また併せて、「目的」が忘れられてしまったプロジェクトでどんなネガティブなことが起きるかについても解説しましたが、この記事で例に出した「品質の低下」「工数の増大による追加コスト」「納期の遅れ」などは、システム開発においては決して珍しい話ではありません。
さすがに訴訟問題が常態化しているようなシステム会社は少ないとは言え、QCDの達成に失敗しているプロジェクトはたくさんあります。

その原因の1つは、この記事で取り上げた訴訟例のように、発注側でプロジェクトの目的を曖昧かつ抽象的なまま、要件定義工程を通過させてしまって気が付かないでいるということにあります。
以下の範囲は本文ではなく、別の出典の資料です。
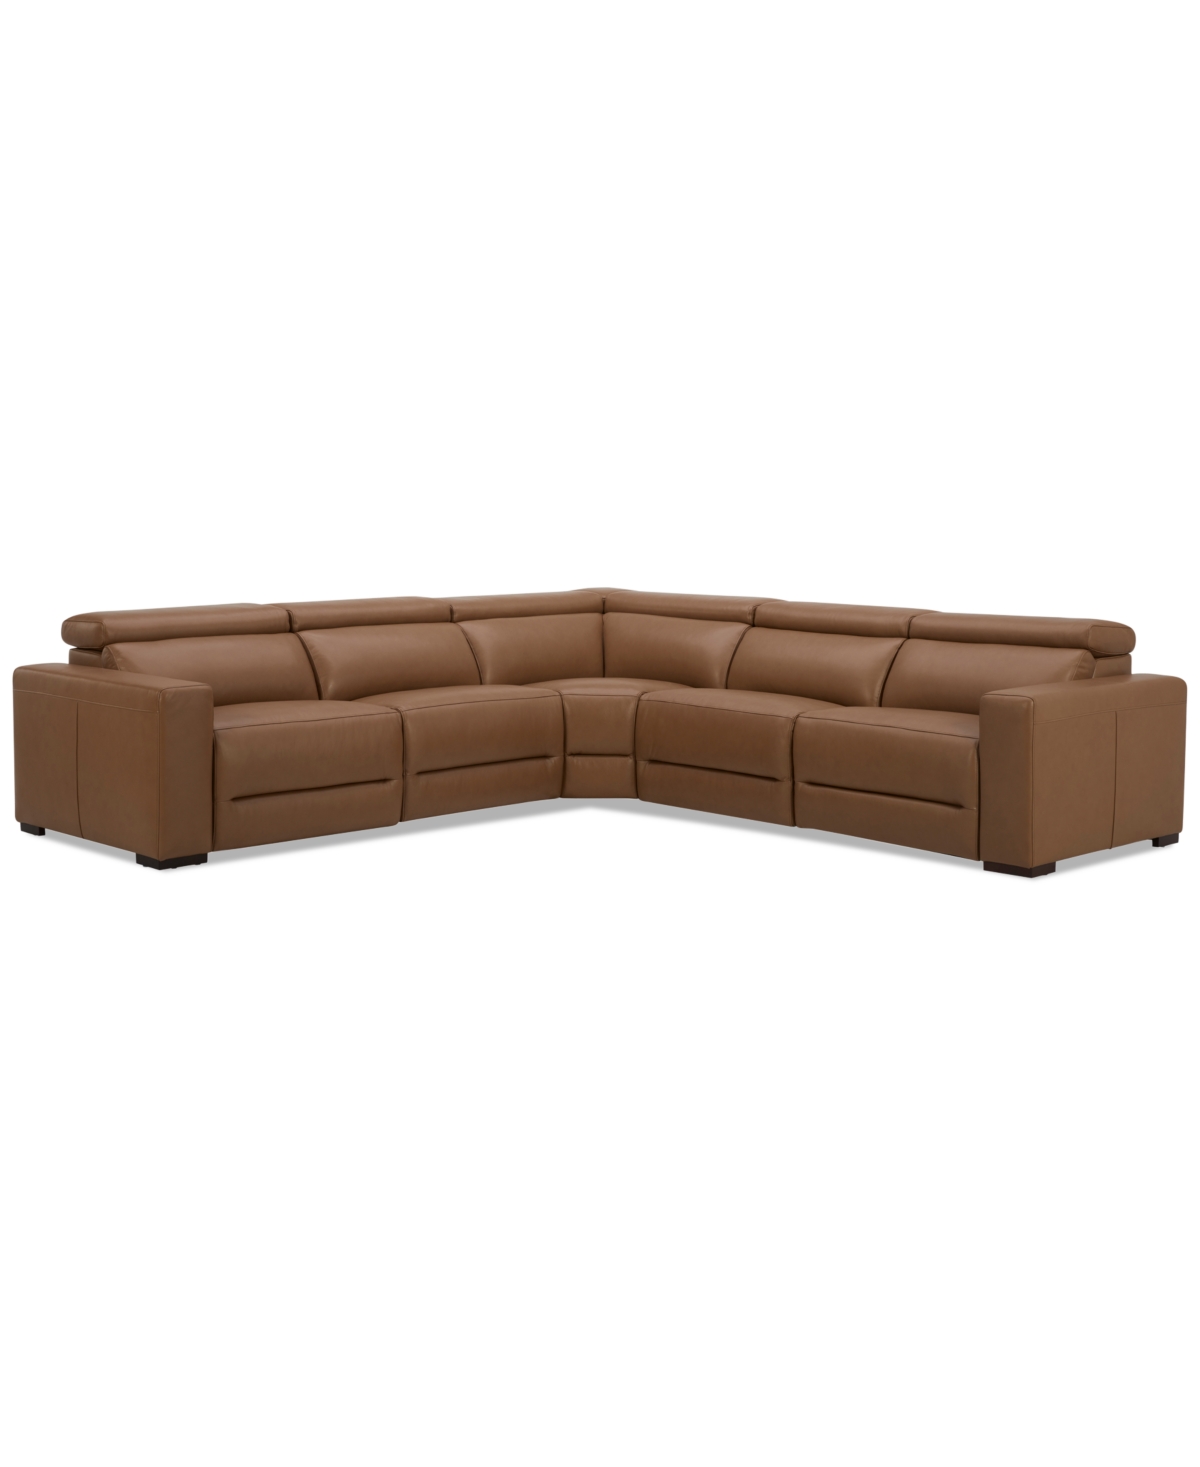 Macy's Nevio 124" 5-pc. Leather Sectional With 2 Power Recliners And Headrests, Created For  In Butternut

また、もう1つの大きな原因としては、本来、訴訟事例のような要求定義ではきちんとした開発設計図もかけないはずなのに、そのままコーディングなどの作業に移行してしまう開発会社のいいかげんさがあります。

つまり、システム開発において、目的を明確化してプロジェクトのQCDを高めることの大切さを認識した発注者がやるべきことは、実際の開発前から、開発、開発終了後の運用保守の段階まで、常にプロジェクトの「目的」をしっかりと認識している信頼のおける開発会社をパートナーとして選ぶことです。

残念ながらすべての開発会社が、そうした認識を持っているわけではありません。
そうした評価の部分は、システム開発会社のホームページやパンフレットからはなかなか読み取れないものです。